Exercise instructions
Strip the pictures, then copy the remaining data exactly as it stands.

Supplied data START

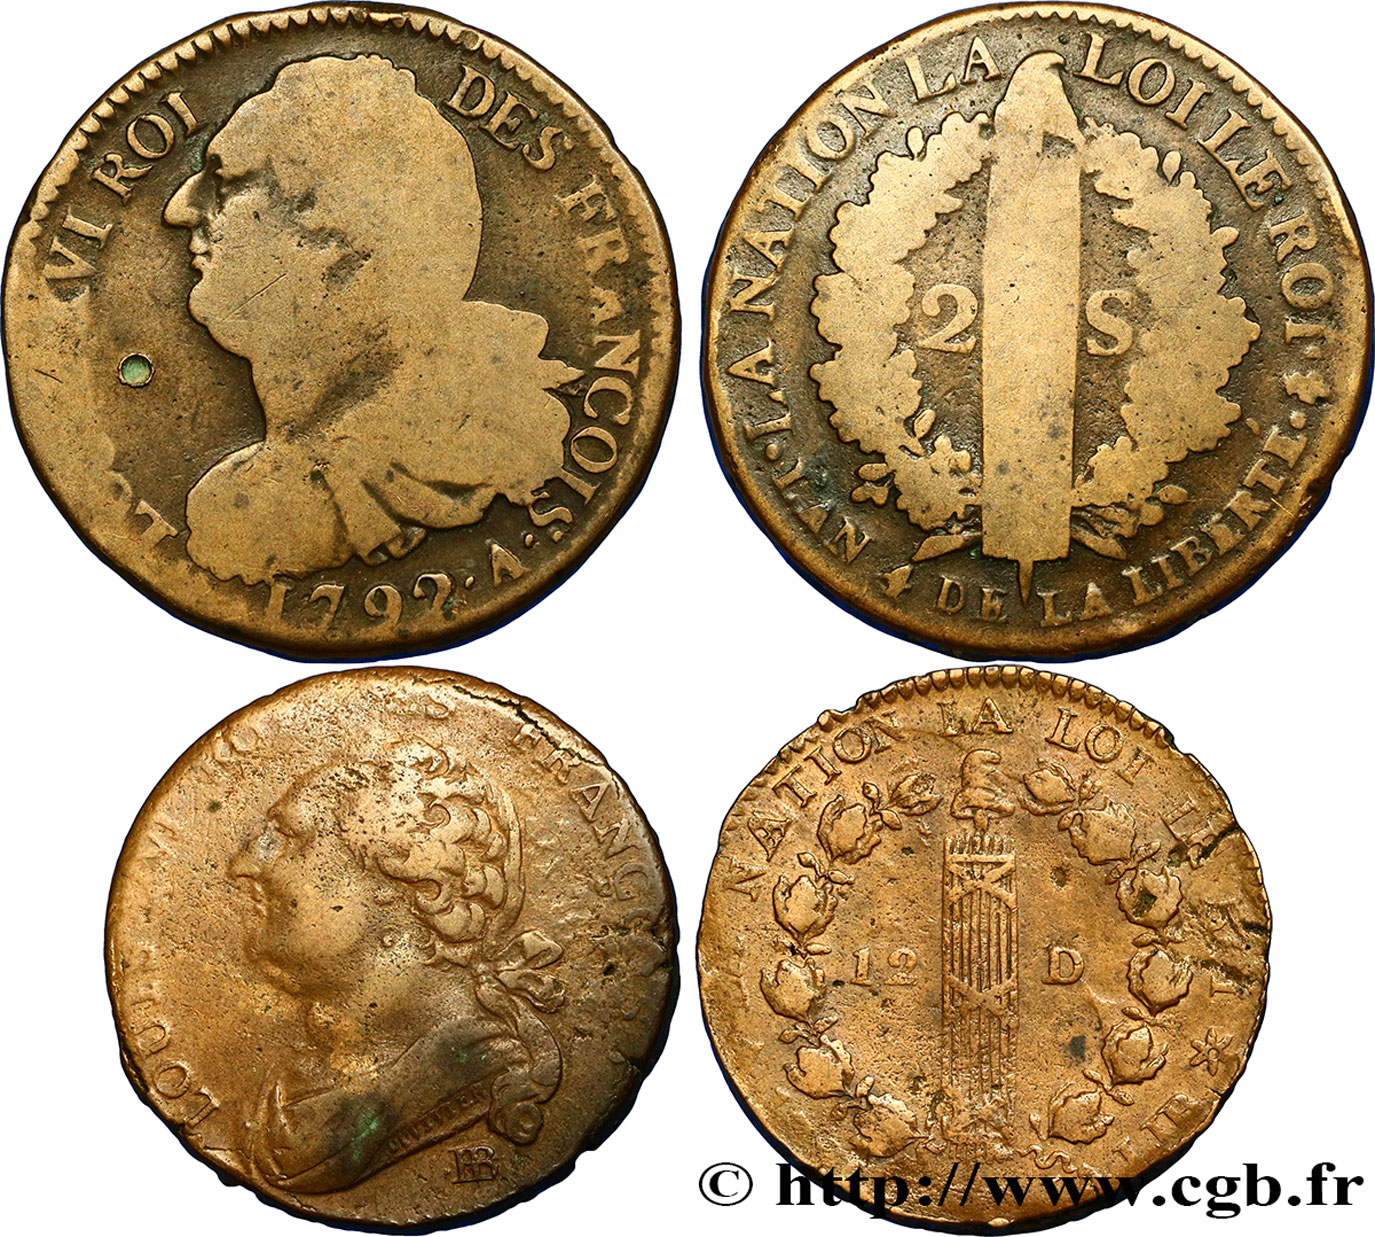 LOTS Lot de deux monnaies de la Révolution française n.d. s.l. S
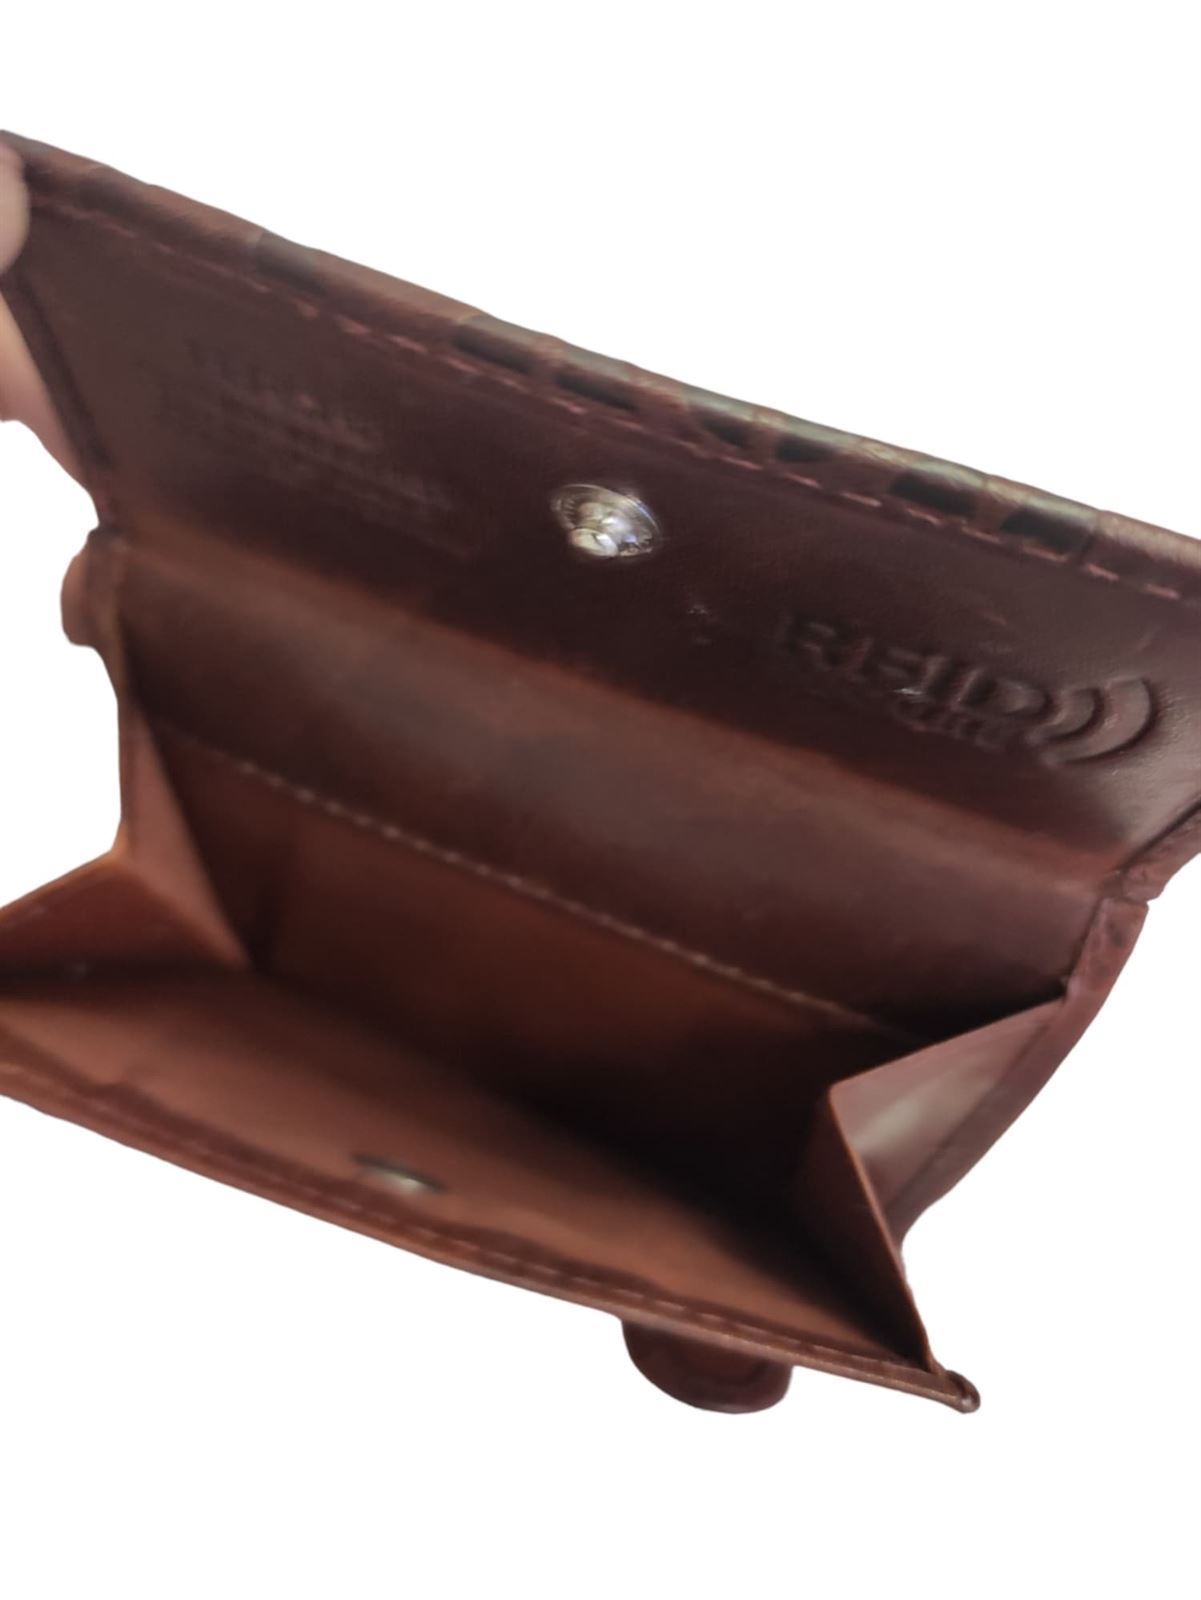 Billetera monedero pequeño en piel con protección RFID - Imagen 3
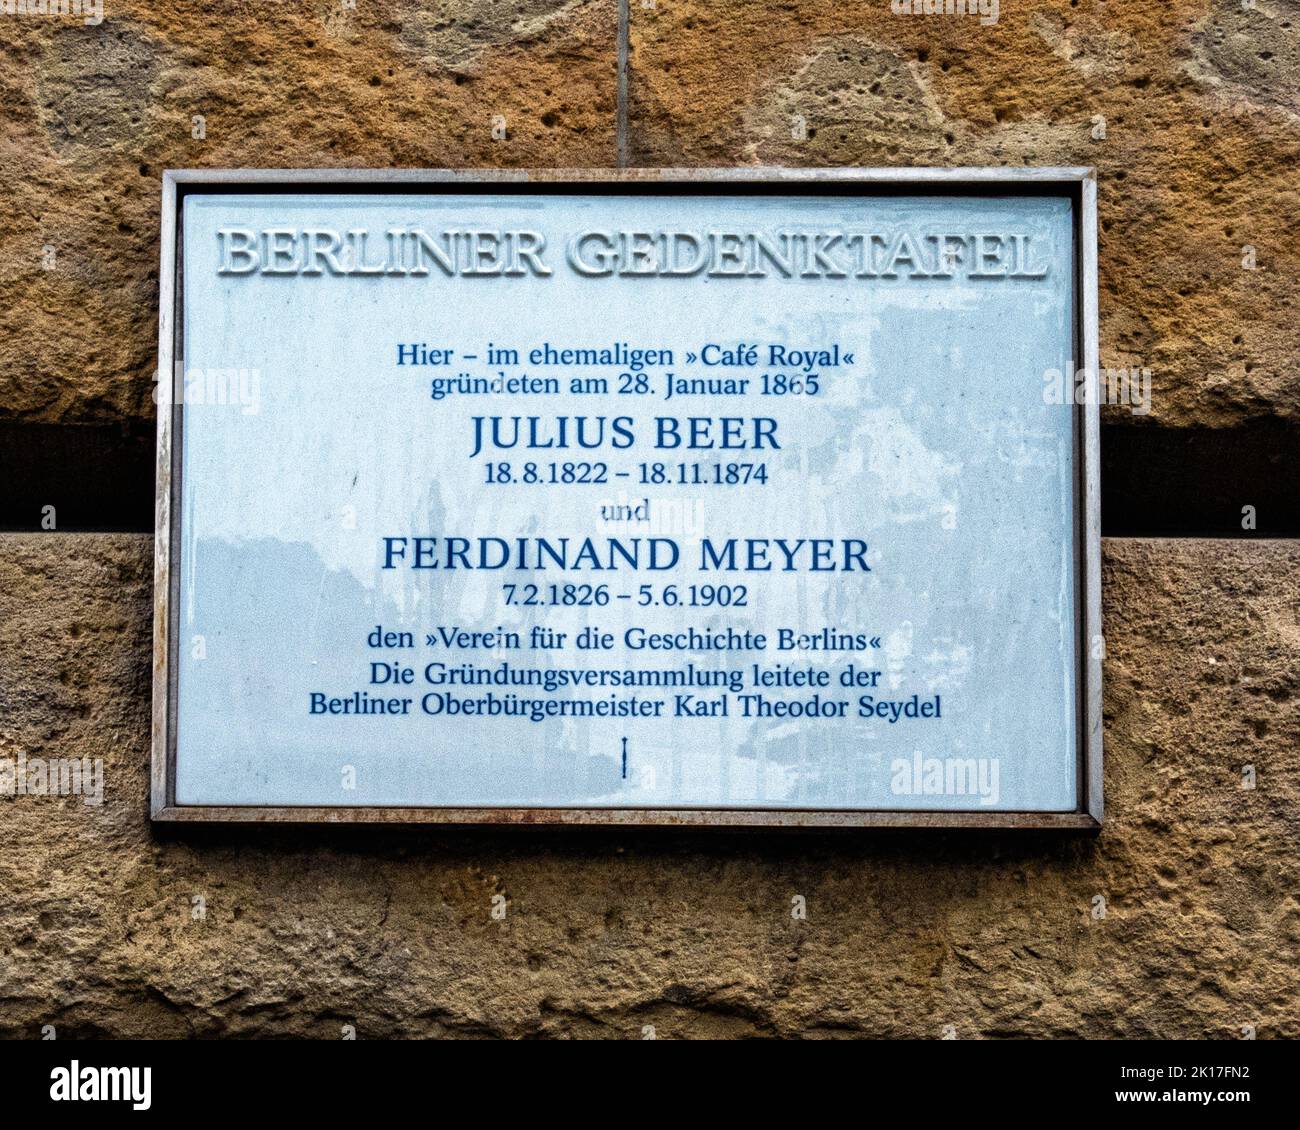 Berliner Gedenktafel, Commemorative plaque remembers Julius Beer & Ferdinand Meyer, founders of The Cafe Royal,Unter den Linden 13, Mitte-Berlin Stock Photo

Supplied data END

Answer
 LOTS Lot de deux monnaies de la Révolution française n.d. s.l. S
 Billetera monedero pequeño en piel con protección RFID - Imagen 3
 Berliner Gedenktafel, Commemorative plaque remembers Julius Beer & Ferdinand Meyer, founders of The Cafe Royal,Unter den Linden 13, Mitte-Berlin Stock Photo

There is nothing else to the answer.